=== INFORMATION SHOWN ===
[Start of Attachment]
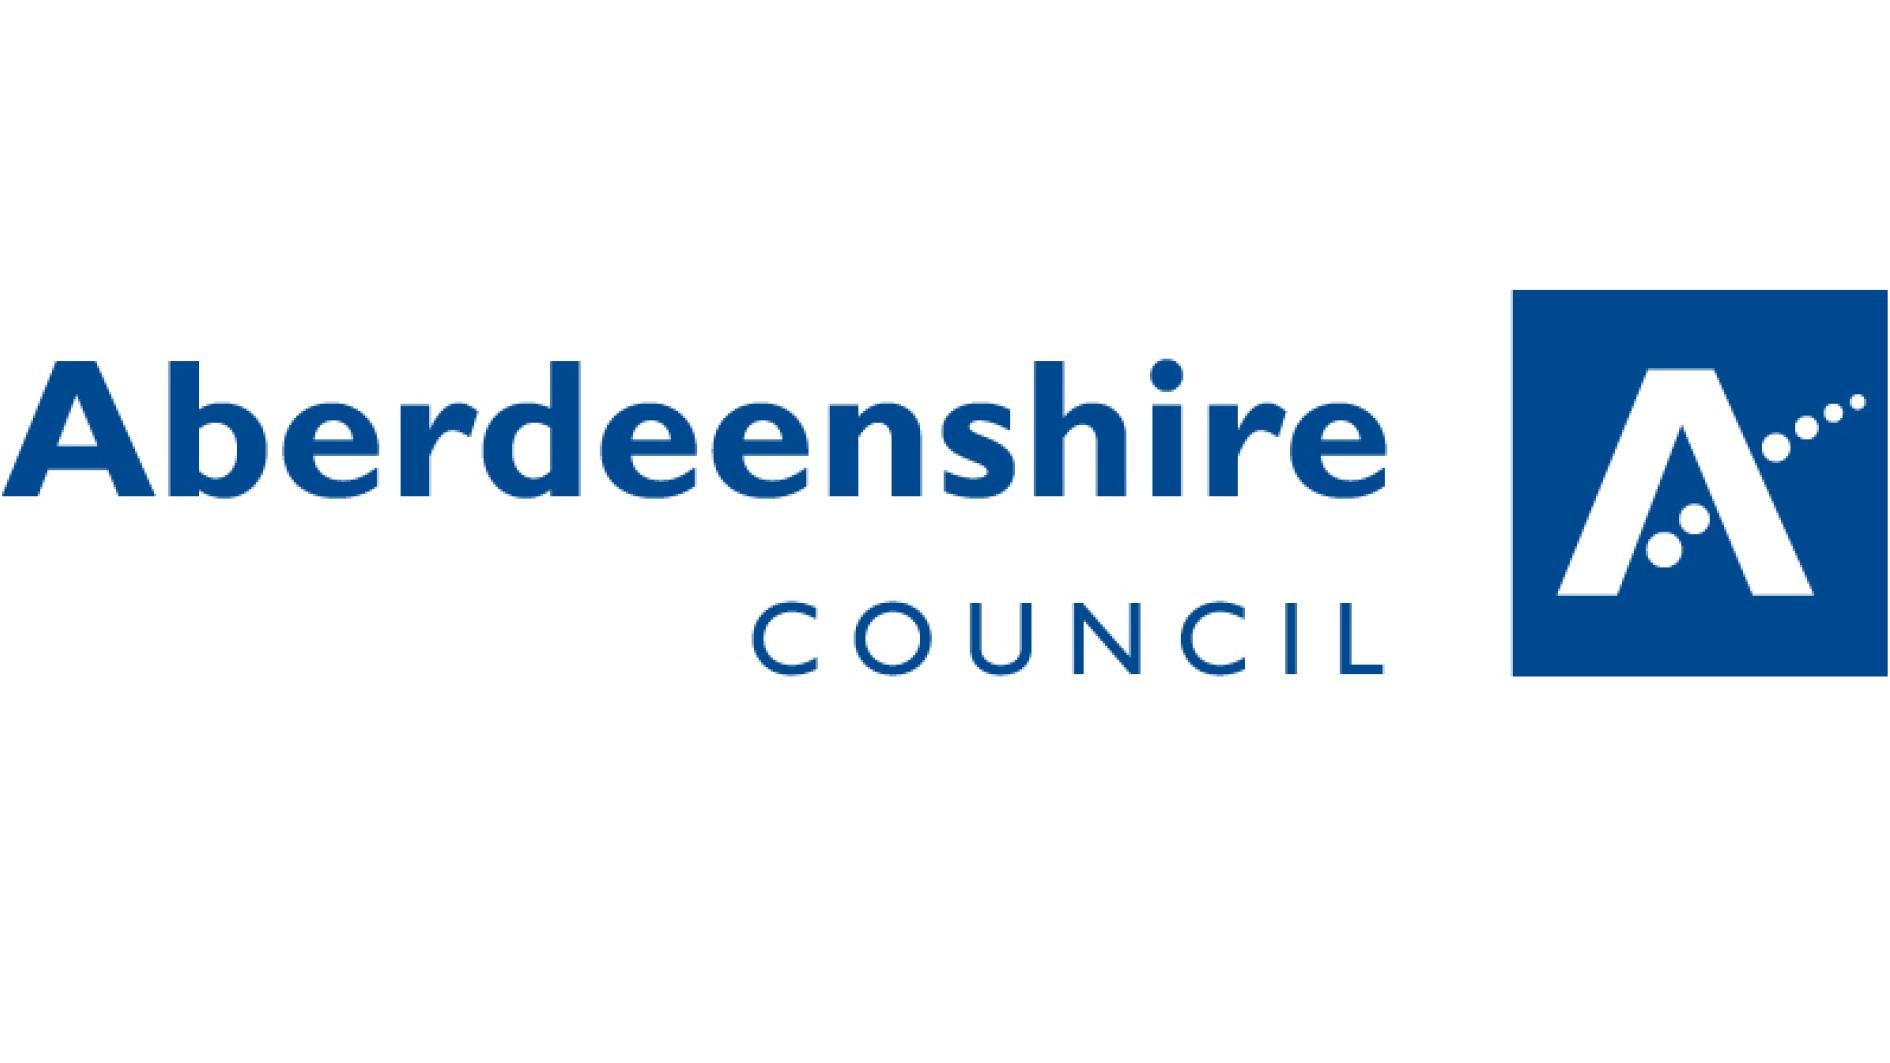 https://www.aberdeenshire.gov.uk/
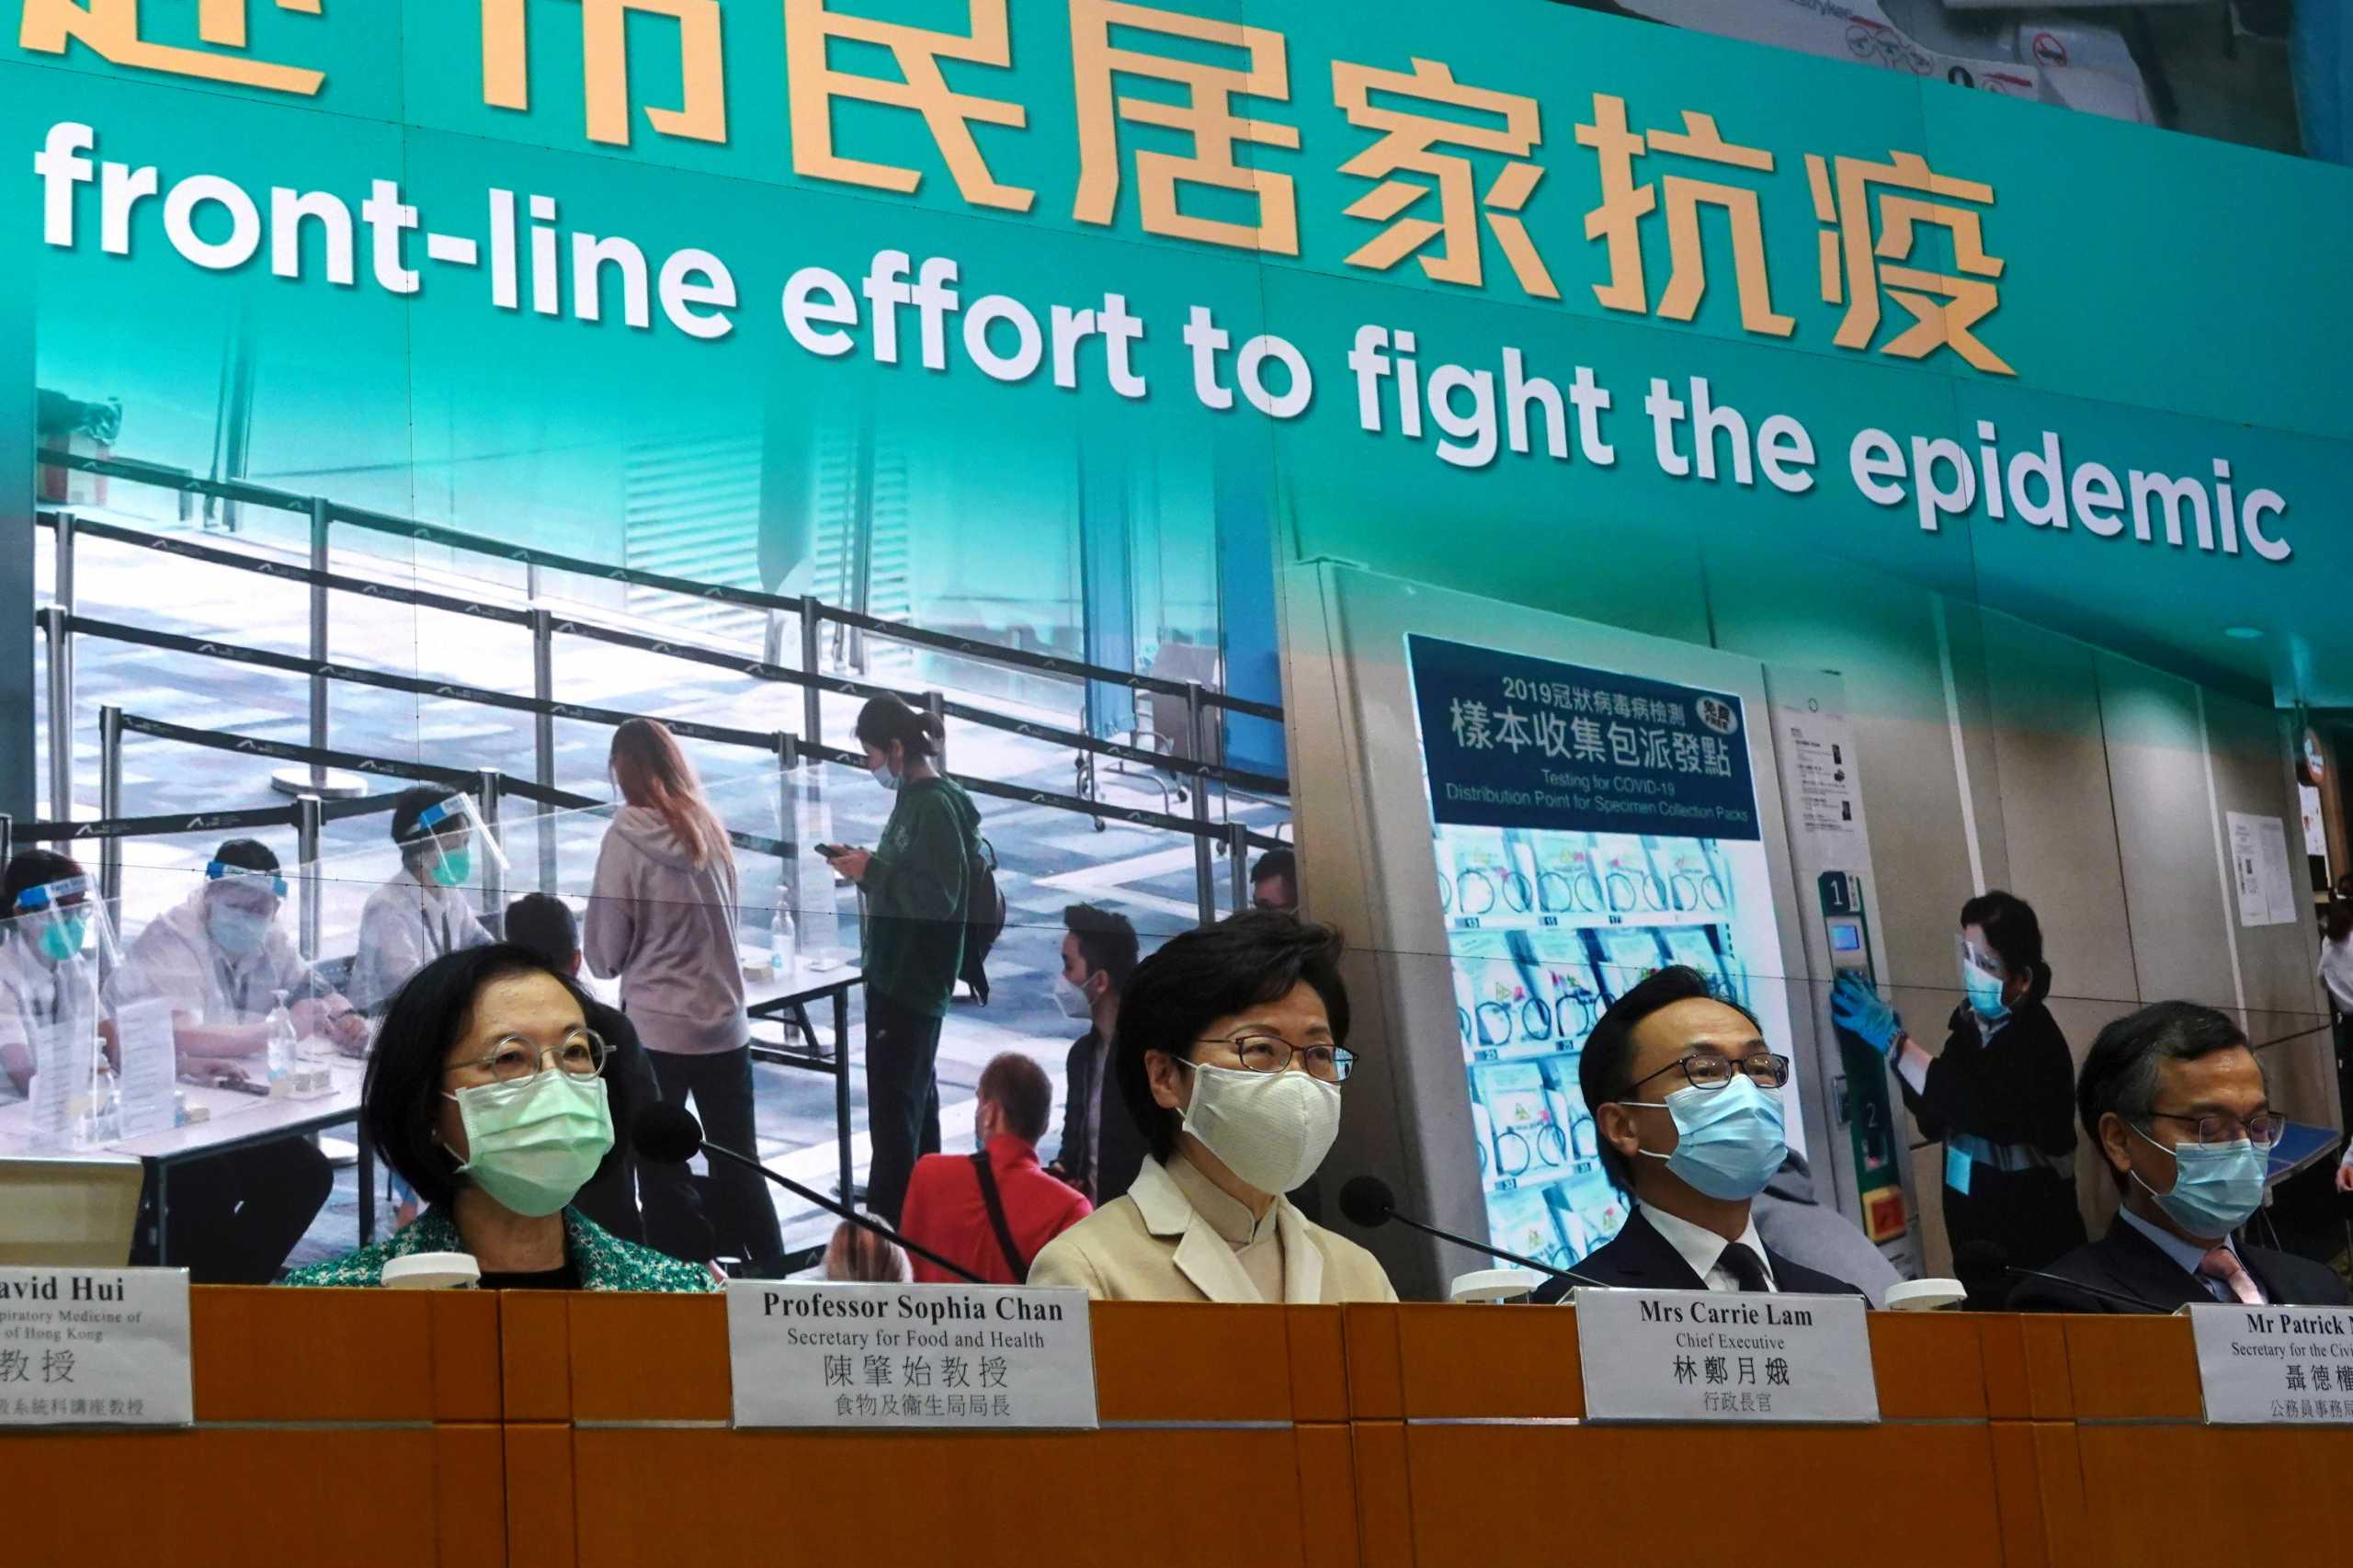 Ανησυχία για τα κρούσματα κορονοϊού στο Χονγκ Κονγκ – Ο υψηλότερος απολογισμός εδώ και ένα μήνα
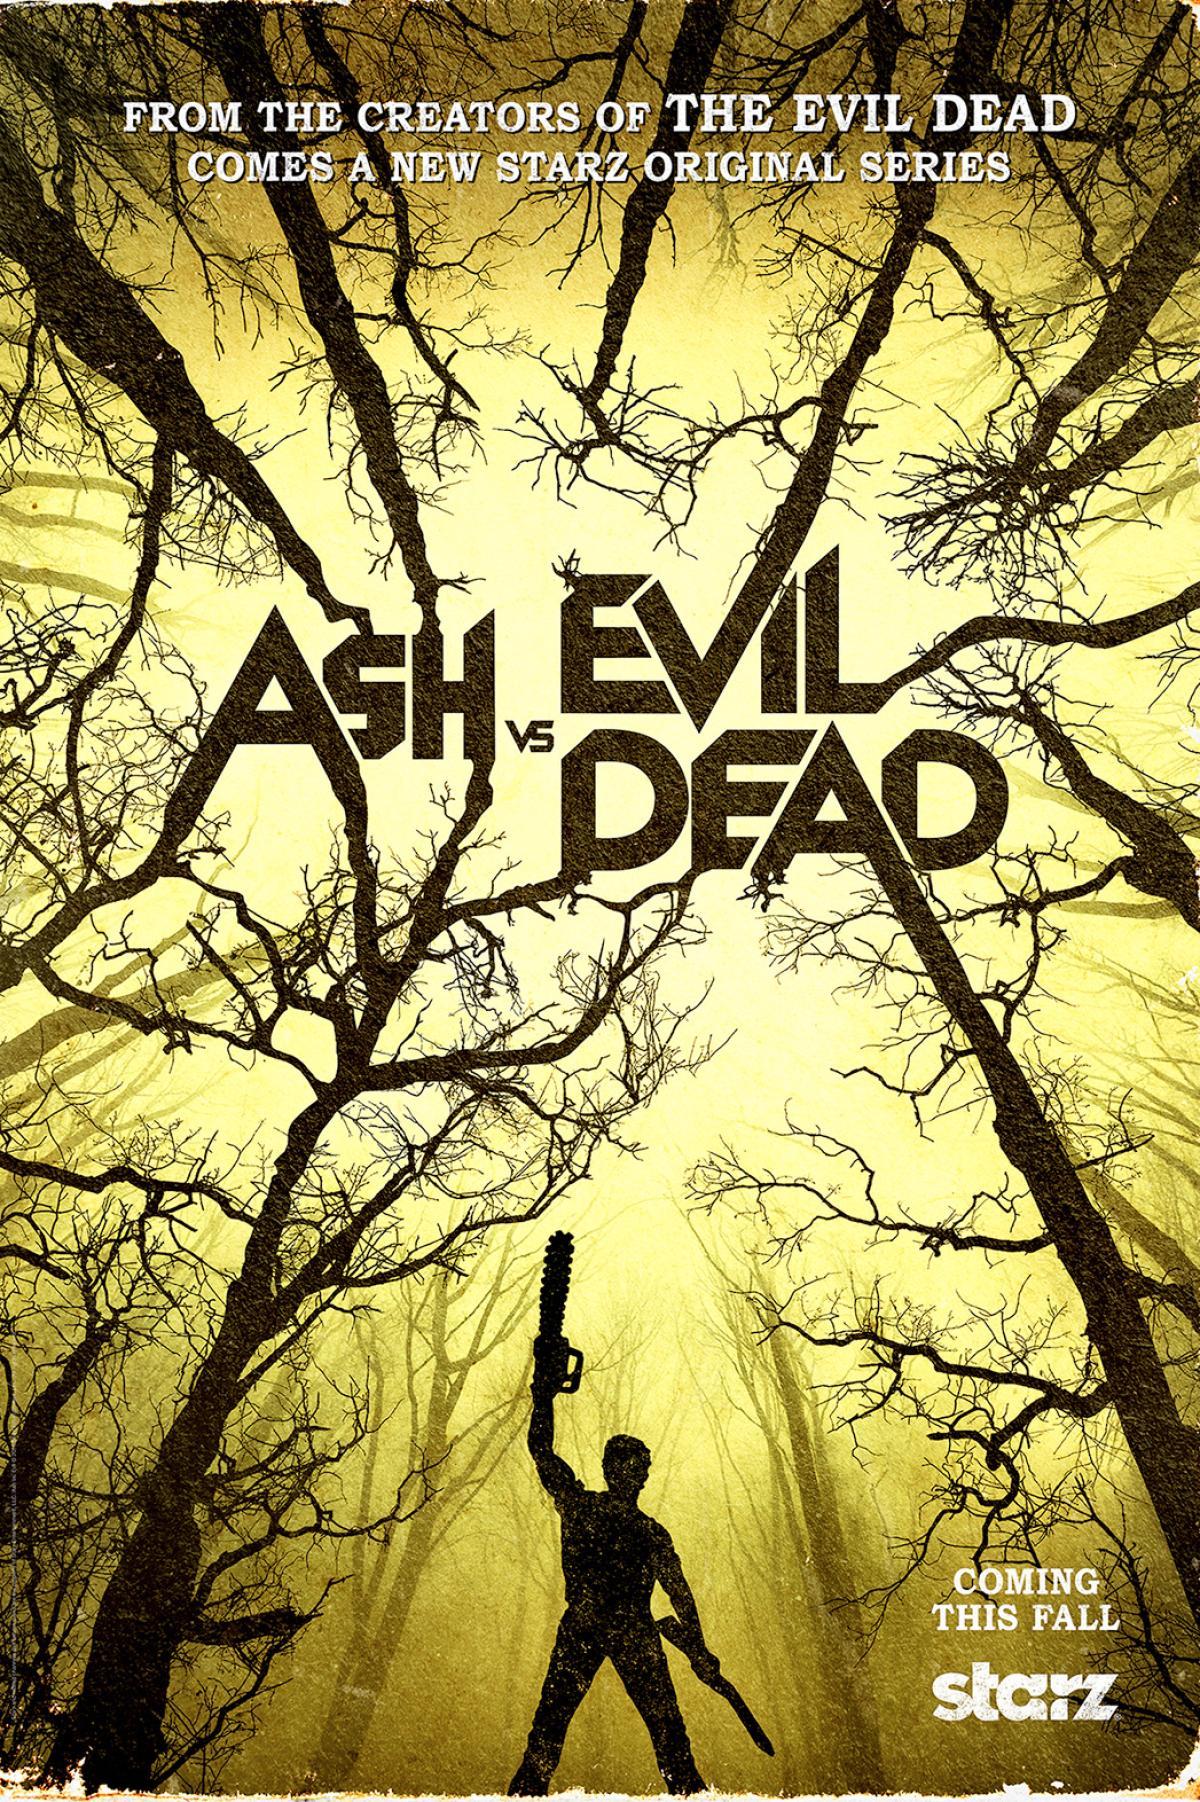 Ash Vs Evil Dead Crítica Del Capítulo 1 El Jefe Hobbyconsolas Entretenimiento
[End of Attachment]
=== TASK PROMPT ===
Please output every line of the listing as it stands, and omit its images.

=== ANSWER TO THIS EXERCISE ===
 https://www.aberdeenshire.gov.uk/
 Ανησυχία για τα κρούσματα κορονοϊού στο Χονγκ Κονγκ – Ο υψηλότερος απολογισμός εδώ και ένα μήνα
 Ash Vs Evil Dead Crítica Del Capítulo 1 El Jefe Hobbyconsolas Entretenimiento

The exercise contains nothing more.